4.5The State party submits that the fourth humanitarian and compassionate grounds application was rejected on 31 May 2017. The humanitarian and compassionate grounds officer concluded that the level to which the complainants had established themselves in Canada was not sufficient to warrant an exception to the usual rules for seeking permanent residence. The complainants had lived in India for over 40 years, and there was no evidence to suggest that they would have difficulties in re-establishing themselves there. They also made submissions based on their family members who were living in Canada. However, it was concluded that the best interests of the child did not warrant an exceptional grant of permanent residence, and the complainants could subsequently apply for family reunification. The complainants claimed that in India, they would not be provided with the necessary medical treatment. However, the humanitarian and compassionate grounds officer concluded that there was no evidence to suggest that treatment and medication in India would be unavailable and/or unaffordable. The State party notes that the complainants also failed to cooperate with efforts of State party officials to secure travel documents to India.
4.6The State party submits that the complainants applied twice for a pre-removal risk assessment, and that both applications were rejected, on 24 May 2012 and 30 April 2015.
4.7The State party notes that in their second pre-removal risk assessment, the complainants submitted essentially the same account and allegations of risk that they had in their previous domestic process.

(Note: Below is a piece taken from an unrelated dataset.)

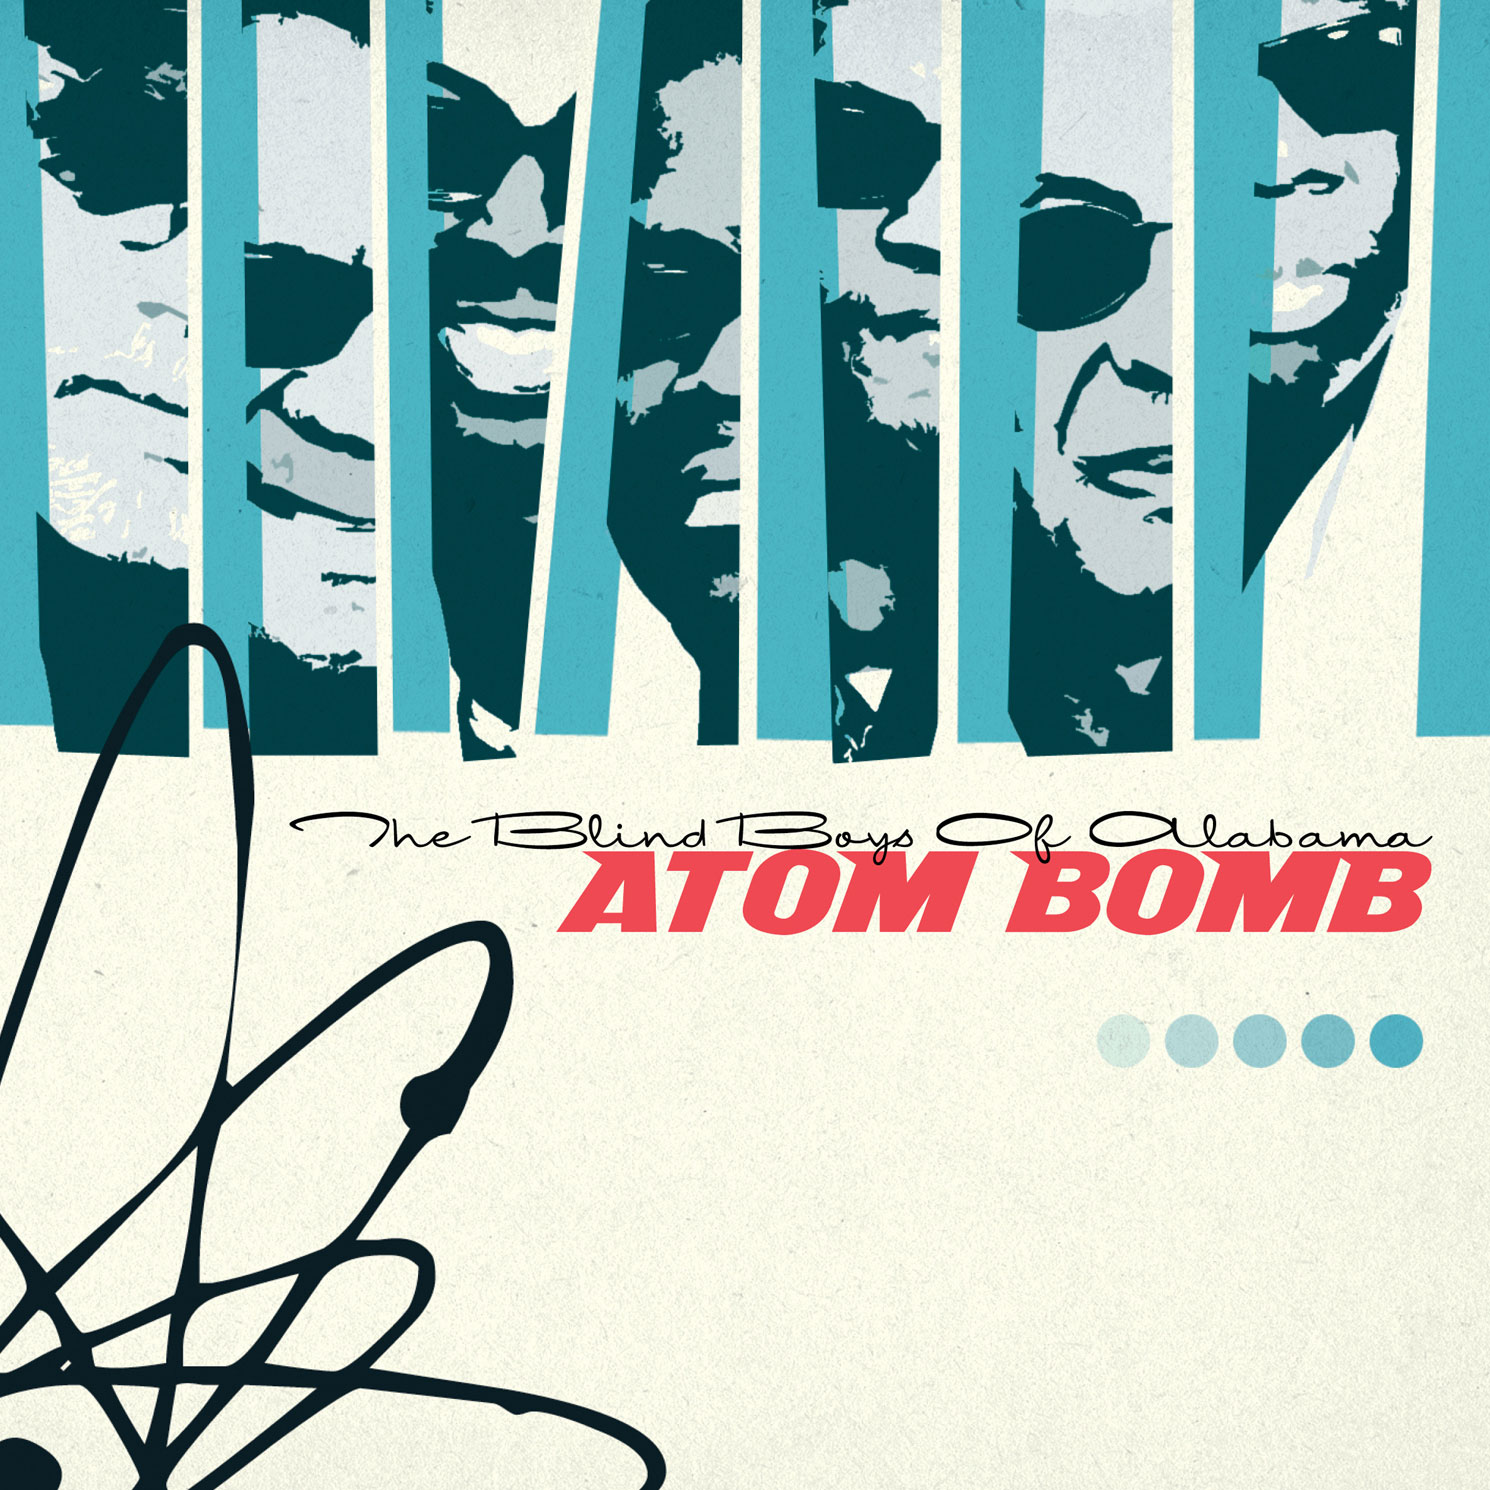 The Blind Boys of Alabama-Atom Bomb  Release Date: November 4, 2016 Label: Omnivore Recordings  SERVICE: Restoration, Mastering (Bonus tracks) NUMBER OF DISCS: 1 GENRE: Gospel FORMAT: CD

As summarized by the pre-removal risk assessment officer, the complainants claimed that they would be at risk of persecution and torture in India because the first complainant was a Sikh with alleged links to militants. They stated that he would be arrested immediately upon return. They also stated that the second complainant suffered from post-traumatic stress disorder as a result of the events that they had experienced before leaving for Canada, and they further noted that she would not get the care she required for her condition upon return to India.
4.8The State party submits that the complainants provided some new evidence to support their applications, including four affidavits by persons from Uttar Pradesh. However, this evidence did not address the “fundamental implausibility” in their account, which is that Mr. Singh had already been arrested before the start of the alleged police harassment of the complainants. The one exception “an affidavit from the first complainant’s mother” was given little probative value because it was considered simply as a declaration from someone close to the applicants and, as such, it was believed that it did not in and of itself provide objective proof of the allegations.
4.9The complainants also provided three affidavits from the complainants’ health-care providers in Canada, seeking to establish that the complainants suffered from severe anxiety, symptoms of post-traumatic stress disorder and depression, and that removal to India would have serious impacts on the complainants’ mental health. However, those documents did not establish whether the complainants’ symptoms were the result of the events alleged to have occurred in India. The pre-removal risk assessment officer acknowledged that removal might impact the complainants’ mental health, but no documentation had been submitted on the health services available in India. Even so, such risks were not severe enough to meet the threshold required in a pre-removal risk assessment, such as a risk of death, torture or other cruel or inhuman treatment or punishment.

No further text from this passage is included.